21 Feb 2021

Israel Khan's Doubliethink

Israel Khan SC has been out in front recently calling for the death penalty to be implemented. Unfortunately, the learned gent has missed some fundamental issues. He has erred in his logic and his knowledge base needs updating. He digs in like an Alabama tick on his position of 28 years ago – indicating to me, that in nearly 3 decades his thinking has remained stagnant, in spite of gaining Senior Counsel (SC) status through years of legal experience.

What Mr Khan is suggesting– opposing Blackstone’s ratio – is that 999 people should be hanged, together with the 1 guilty person! (see statistics below). He is pandering to those emotionally charged and intellectually void for popularity votes/approval.

Catching the criminals.

Mr Khan must know of the hundreds of people missing and presumed dead in T&T. Those are counted by the population as homicides. No perpetrators have been found. The hangman’s noose swings empty and idle. And that is at the heart of Mr Khan’s mistake and he actually recognises part of the problem. He said “…Vicious, wicked, evil and deliberate murderers should be executed while others outside this category, if found guilty, should receive a term of imprisonment up to life.

The magic words are ‘if found guilty’. Mr Khan must know that in the finding of guilt, the criminal justice system must first find a person to prosecute and then be robust enough to navigate all technicalities in law, to deliver justice. The death penalty has to be finalised within 5 years. So says the Privy Council - the highest court for T&T.

Statistics

Success rates of detection currently lie below 6% according to the US’ CIA. Prosecution success, based upon well-known court statistics, is 1% of that 6%… In other words, 0.06%. To put it bluntly, TTPS’ ability to find evidence that actually stands up to vigorous scrutiny in a court of law is less than 0.1% of the crimes that are actually perpetrated on the public– all of this is floating in the public domain for years. Less than 1 in 1000!

Let that sink in!

Now, think about it some more.

No… You still have not thought about it enough.

Really concentrate on what those figures mean for the public and the citizens of Trinidad and Tobago – not the politicians; they have armed police escorts complete with blue lights and siren.

Mr Khan’s factual knowledge

Mr Khan very well knows of the hackneyed and insipid ability of the police in bringing cases to prosecution and getting the job done properly. He and his son Daniel Khan (former Inspector of Prisons), are aware of the woeful performance of the justice system which has hundreds of people on remand in prison awaiting trials, for donkey’s years (10 to 15 years seem normal by public account).

By contrast, another member of his Chambers, Mrs Ula Nathai-Lutchman had been out in front talking Human Rights for prisoners. She won a whole string of cases at the Appeal Court, which showed up flaws in the justice system. This is also in the public domain.
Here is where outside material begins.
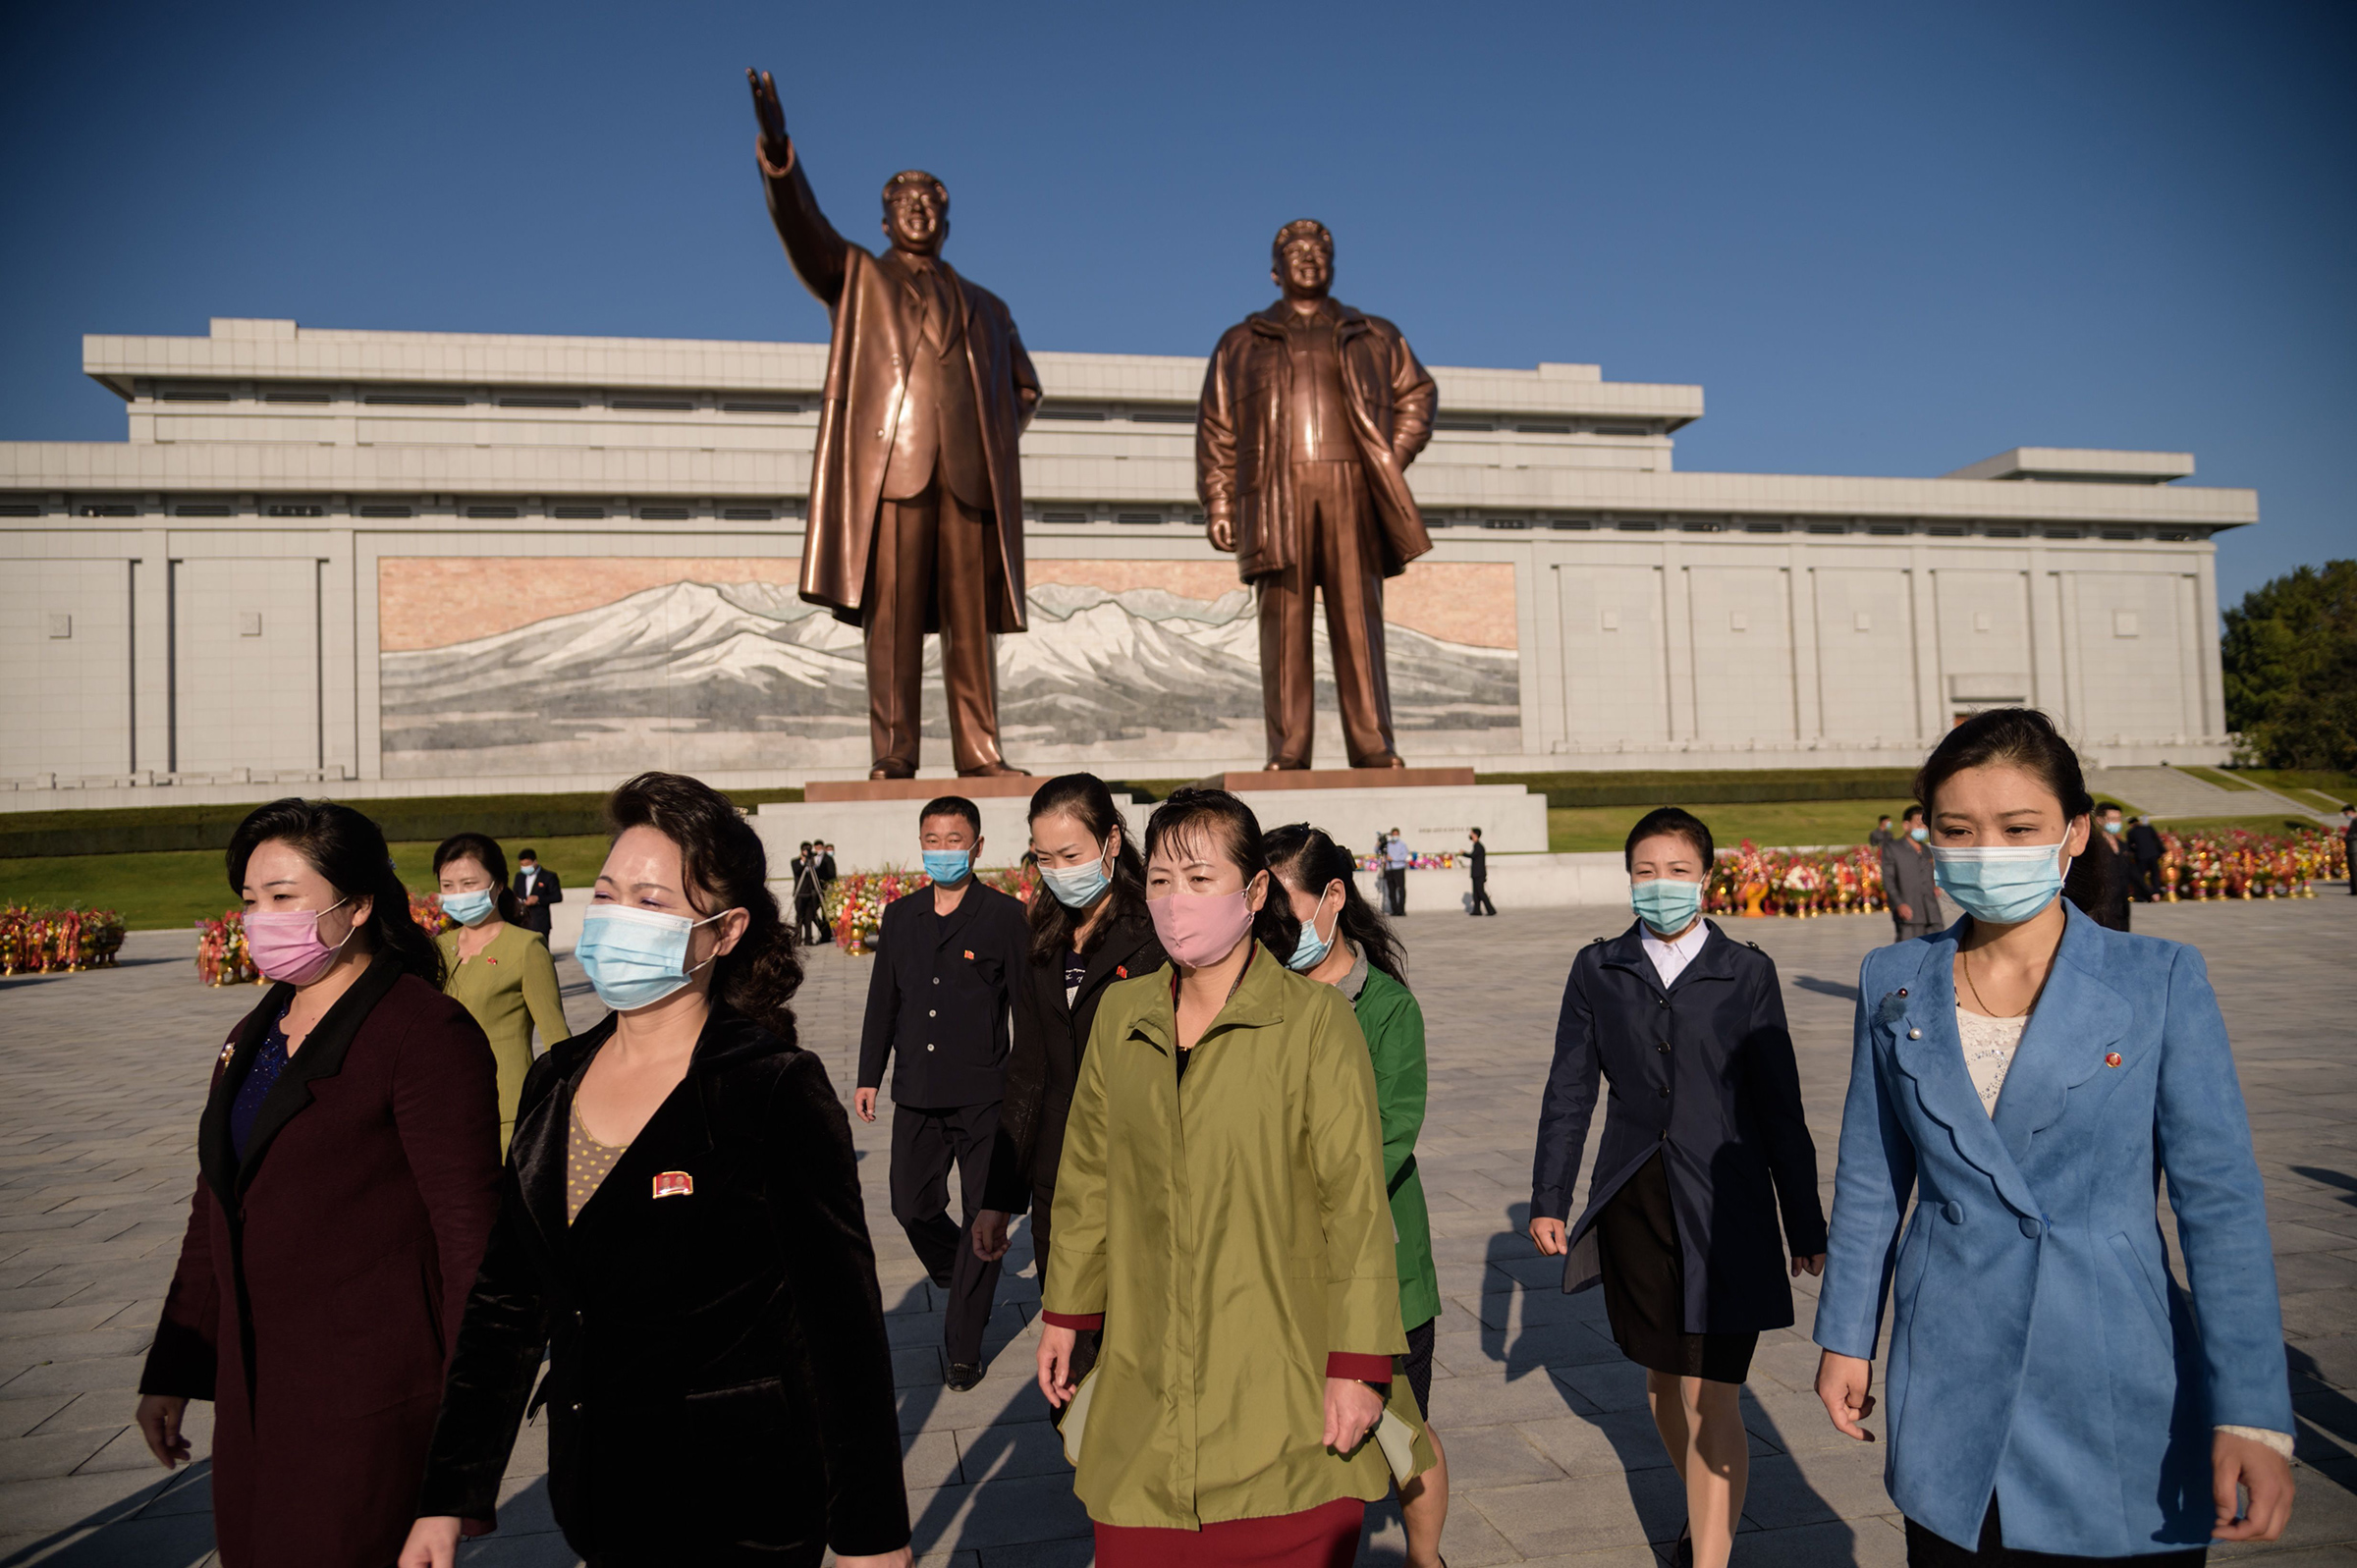 La gente se va después de presentar sus respetos a las estatuas de los difuntos líderes norcoreanos Kim Il Sung y Kim Jong Il en la colina Mansu en Pyongyang el 10 de octubre.

Mr Khan knows about all that.

Failure of logic

Mr Khan submits that for an innocent man, “…It is better that he be executed than to incarcerate him for life; for that man knowing he is innocent would live a life of misery and may even wish that he were dead.” - and in the next breath, Khan states, “under our criminal justice system, it is one hundred times greater than a guilty person could be acquitted than an innocent person be convicted for murder.” The latter is a false comparison, devoid of the applications of the logic and must be confined to what is known as doublethink.

I am bewildered how Mr Khan recognises that the system might fail and a few innocents get their necks popped, but that is a price society must be willing to pay. This has been refuted by better legal minds (William Blackstone being the most famous) than him over the few centuries that the legal system has been developed (see below).

Relics of the past

Mr Khan relies on the thinking of Dr Wolf Middendorff, a criminologist of influence back in the 1970s, as some authoritative reference. Mr Khan’s quote of Middendorf is from a contribution in the book “Punishment for and Against” by H. B. Acton, last published in 1971. The book is a historical relic which would set you back around USD$ 500 for a hardcover copy - not because of true value but because it is simply a collector’s item.

Mr Khan creates the appearance of himself being tied into reputable sources from a bygone era. Khan would do well to pull himself into the 21st Century, where there are other reputable research results and opinions. The philosophy of law and legal concepts about punishment, have been baked into more balanced thinking, from 1971 to now, through endless test cases in international law and balanced applications of mature modern legal principles.

Is he afflicted by toxins in the blood affecting his thinking? Mr Khan needs to demonstrate the “enlightened leadership” he calls for.